Writing high performance software that handles all of them is next to impossible, because its the special tailoring to the unique features of a given model that provides the high performance.




That's not how I think it works. ML is a small number of operations applied to very large blocks of data, tensors. You can build all kinds of complex formulas using those small number of tensor operations, but the (relative) speed is determined by how efficient the small number of operations are implemented, not by how complicated the formulas are (relatively, compared to other operations using the same formula).


You're half right.

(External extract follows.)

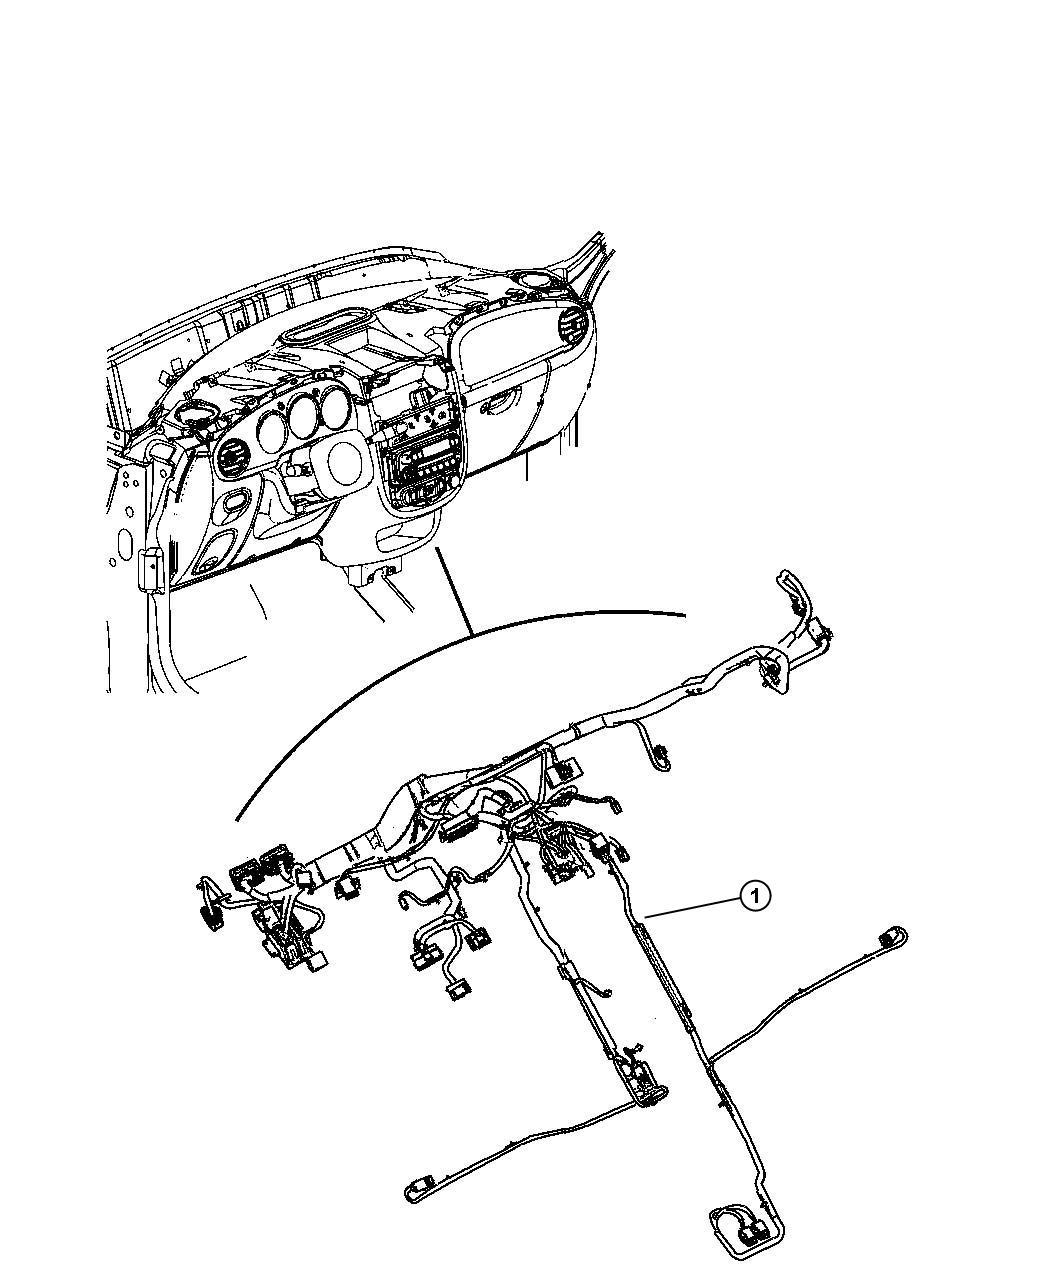 Chrysler Pt Cruiser Wiring Instrument Panel Spkrs Mast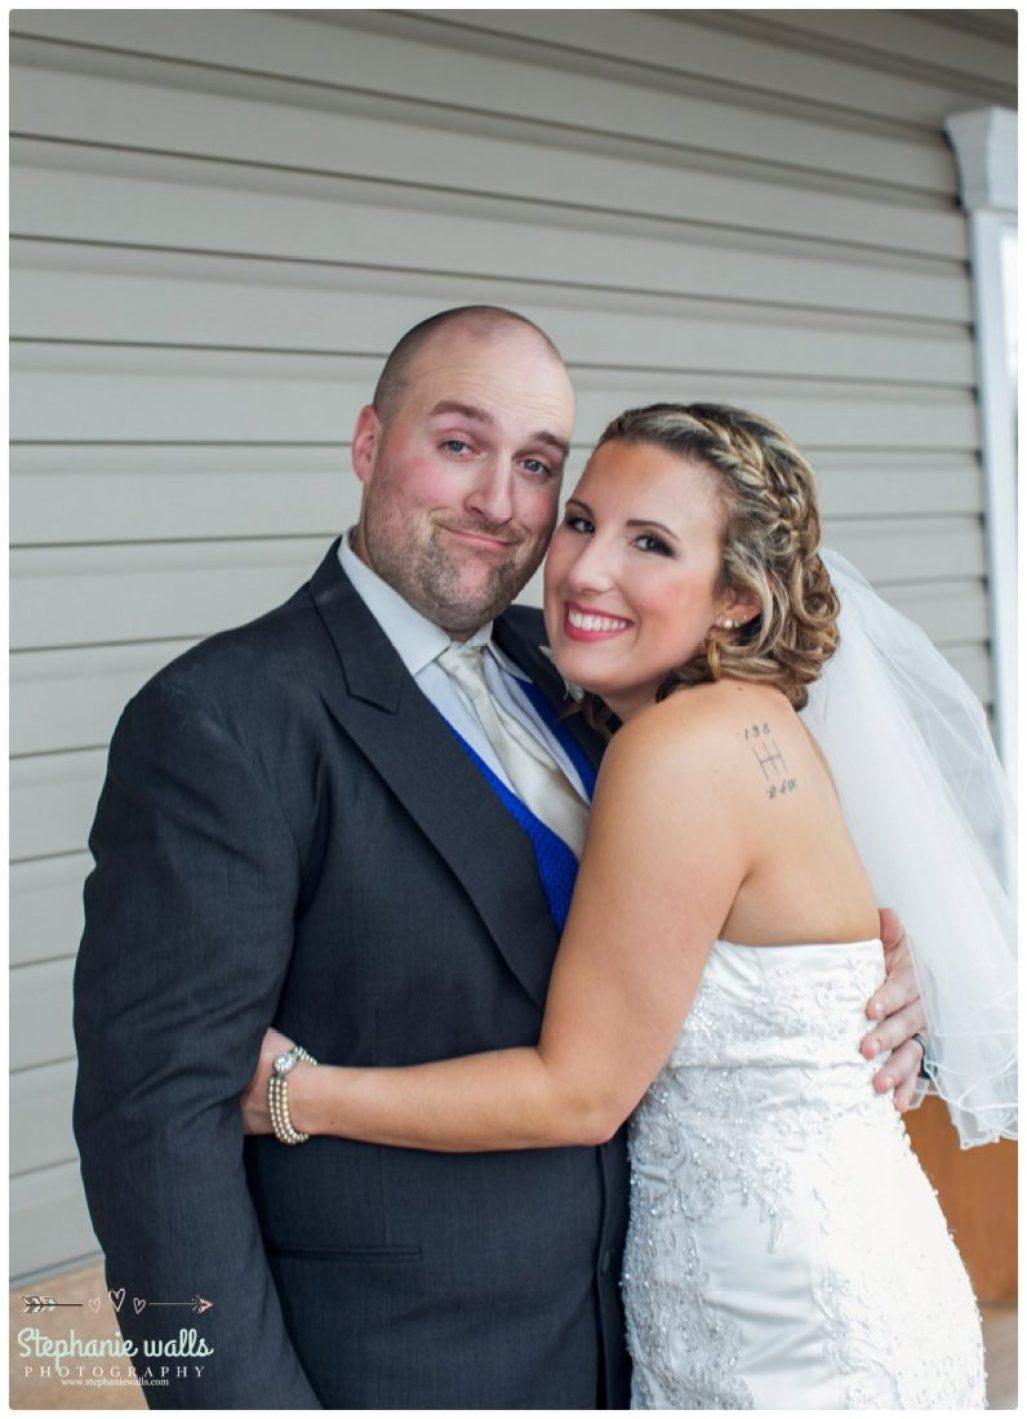 2016 03 24 0092 Racing Love   Snohomish Event Center   Snohomish Wedding Photographer

First, tensor operations are only a small part of modern ML. Second, how you plug all those small operation together is where all the performance difference is had these days between implementations.

Different hardware have a variety of different small operations that do almost the same thing. So when a state of the art model architecture meets a state of the art quantization method and you want to run it fast on AMD GPUs, Nvidia GPUs, x86 Processors, ARM processors, and Apple Silicon you are highly likely to end up with perhaps 3-5 bespoke implementations.

This happens every few months in ML. Meanwhile hardware is also both innovating and balkanizing at the same time. Now we have Google Silicon, Huawei Silicon, and Intel Arc GPUs. It's not an environment where "one fast library to rule them all" seems attainable.


Ok, but in the end you're just evaluating a graph, and I suppose that compilers can figure out how to do this in the most efficient way on any type of hardware for which a backend was written. So it makes more sense to work on a backend that you can use for any type of model than to hand-optimize everything.


>I suppose that compilers can figure out how to do this in the most efficient way on any type of hardware for which a backend was written.

No, that's exactly the problem. Compilers can't because the GPU hardware and the algorithms involved are such rapidly moving targets. Bespoke hardware specific quantization, inference, attention, and kernel compilation is the only way to squeeze out the performance users are looking for.

Creating one fast implementation for all models on all hardware would be like writing one GPU driver for all GPUs and OSs. It just isn't going to work and if it does it isn't going to be fast on all hardware.